Both neoclassical migration theory and NELM ultimately attempt to explain migration through economically-motivated decisions at the individual- or household-level and ignore how even the opportunity to make these decisions is dictated and constrained by broader policies, politics, and interactions. No single theory of migration can provide a comprehensive explanation for labour migration – any answer to the question of why people migrate must be situated within interdisciplinary approaches (Abreu 2010), multiple levels of analysis (Massey et al. 1993), and a cohesion of both objectivist economic theories with more constructivist and subjectivist approaches. This paper has argued that while the two primary economic theories of labour migration, neoclassical theory and the New Economics of Labour Migration, provide important contributions in explaining migratory patterns, they ultimately both embody the same weaknesses and attempt to narrowly explain migration as a rational choice made by utility-maximising individuals and households. This results in an insufficient explanation for why people migrate, as it ignores the structural influences and power dynamics that affect and limit migration and therefore cannot be disregarded.

References

  • Abreu, A., 2012. ‘The New Economics of Labor Migration: Beware of Neoclassicals Bearing Gifts’. Forum for Social Economics, 41(1), 46-67.
  • De Haas, H., 2010. ‘Migration and development: A theoretical perspective’. International Migration Review, 44(1), 227-264.
  • Harris, J. and Todaro, M. P., 1970. ‘Migration, Unemployment and Development: A Two-Sector Analysis’. The American Economic Review, 60(1), 126-142.
  • Lee, Everett S., 1966. ‘A Theory of Migration’. Demography, 3(1), 47-57.
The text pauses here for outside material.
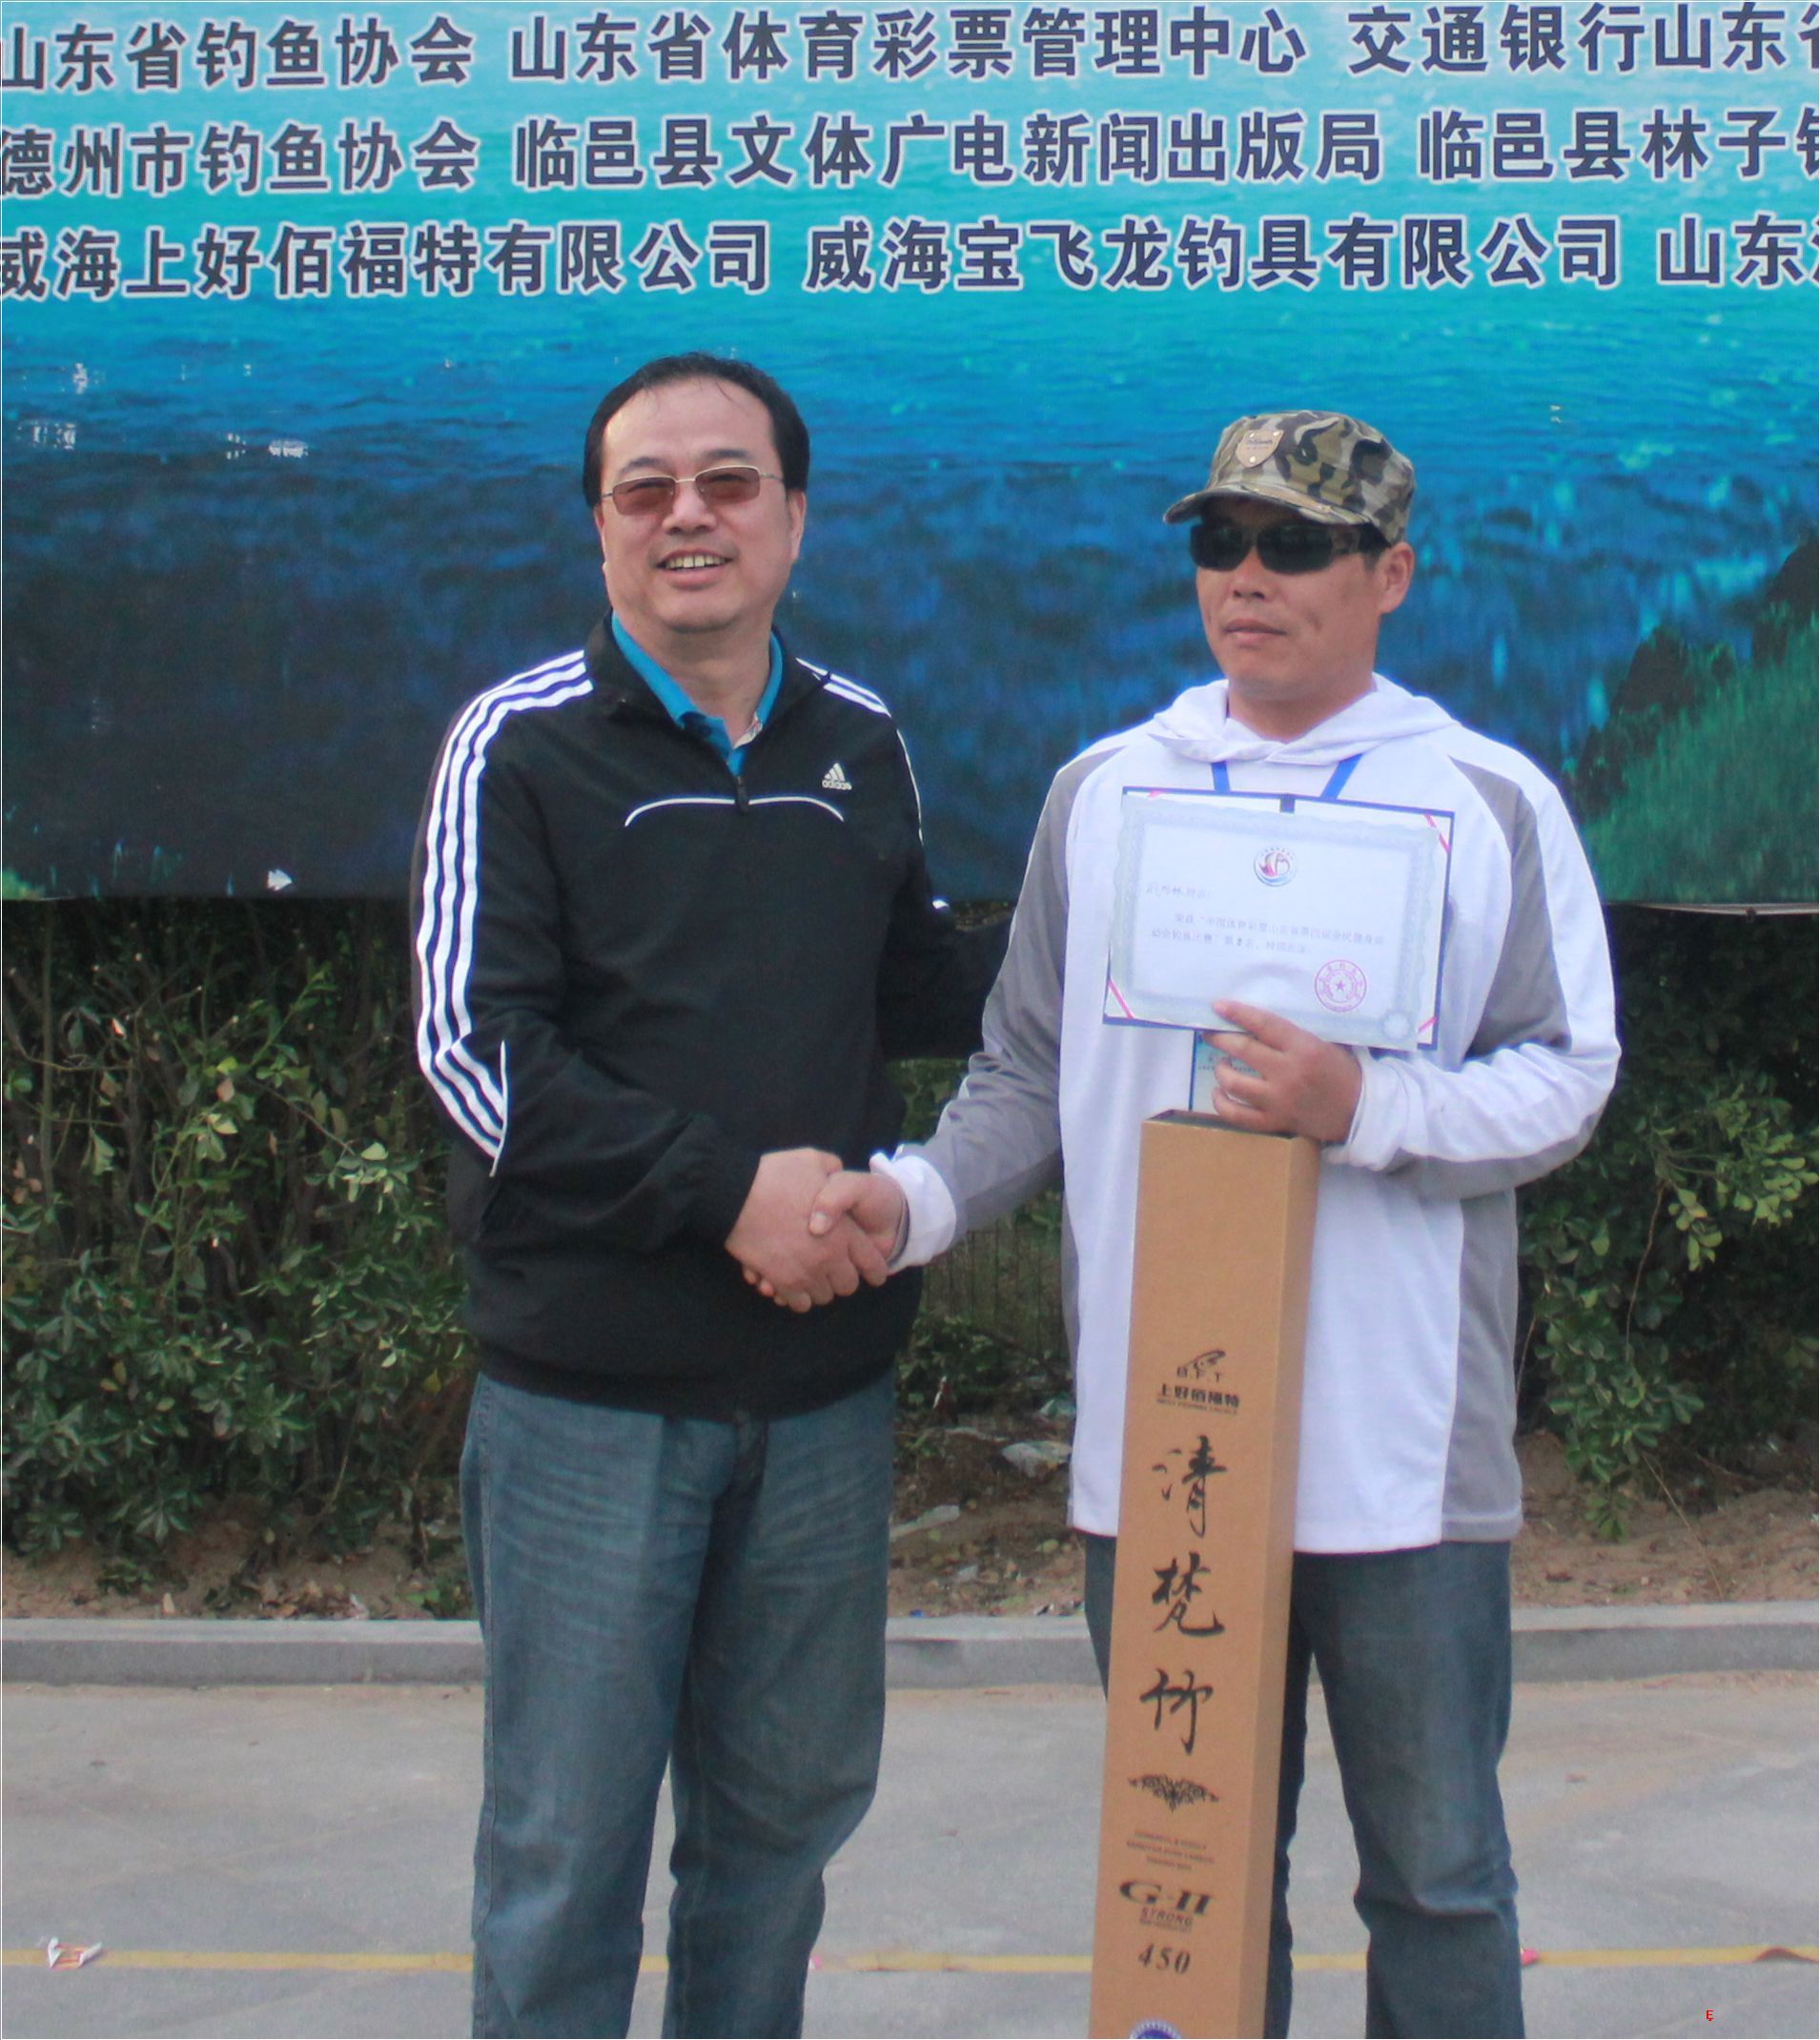 中国体育彩票山东省第四届全民健身运动会钓鱼比赛第二名

  • Lewis, W. A., 1954. ‘Economic Development with Unlimited Supplies of Labour’. The Manchester School, 22(2), 139-191.
  • Fine, B., 2006. ‘The New Development Economics’, in Jomo, K. & Fine, B. (eds.) The New Development Economics: After the Washington Consensus,London: Zed Books.
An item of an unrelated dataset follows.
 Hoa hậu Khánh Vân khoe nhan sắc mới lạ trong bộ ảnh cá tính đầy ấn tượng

  • Massey, D. S., Arango, J., Hugo, G., Kouaouci, A., Pellegrino, A., Taylor, J. E., 1993. ‘Theories of International Migration: A Review and Appraisal’. Population and Development Review, 19(3), 431-466.
  • Massey, D., 2005. Worlds in Motion: Understanding International Migration at the End of the Millennium, Oxford:Oxford University Press.
  • Ranis, G. and Fei, J., 1961. ‘A Theory of Economic Development’. The American Economic Review, 51(4), 533-565.
  • Ravenstein, E. G., 1885. ‘The Laws of Migration’. Journal of the Statistical Society of London, 48(2), 167-235.
  • Stark, O. and Bloom, D. E., 1985. ‘The New Economics of Labor Migration’. The American Economic Review, 75(2), 173-178. 
  • Todaro, M. P., 1969. ‘A Model of Labor Migration and Urban Unemployment in Less Developed Countries’. American Economic Review, 59(1), 138-148.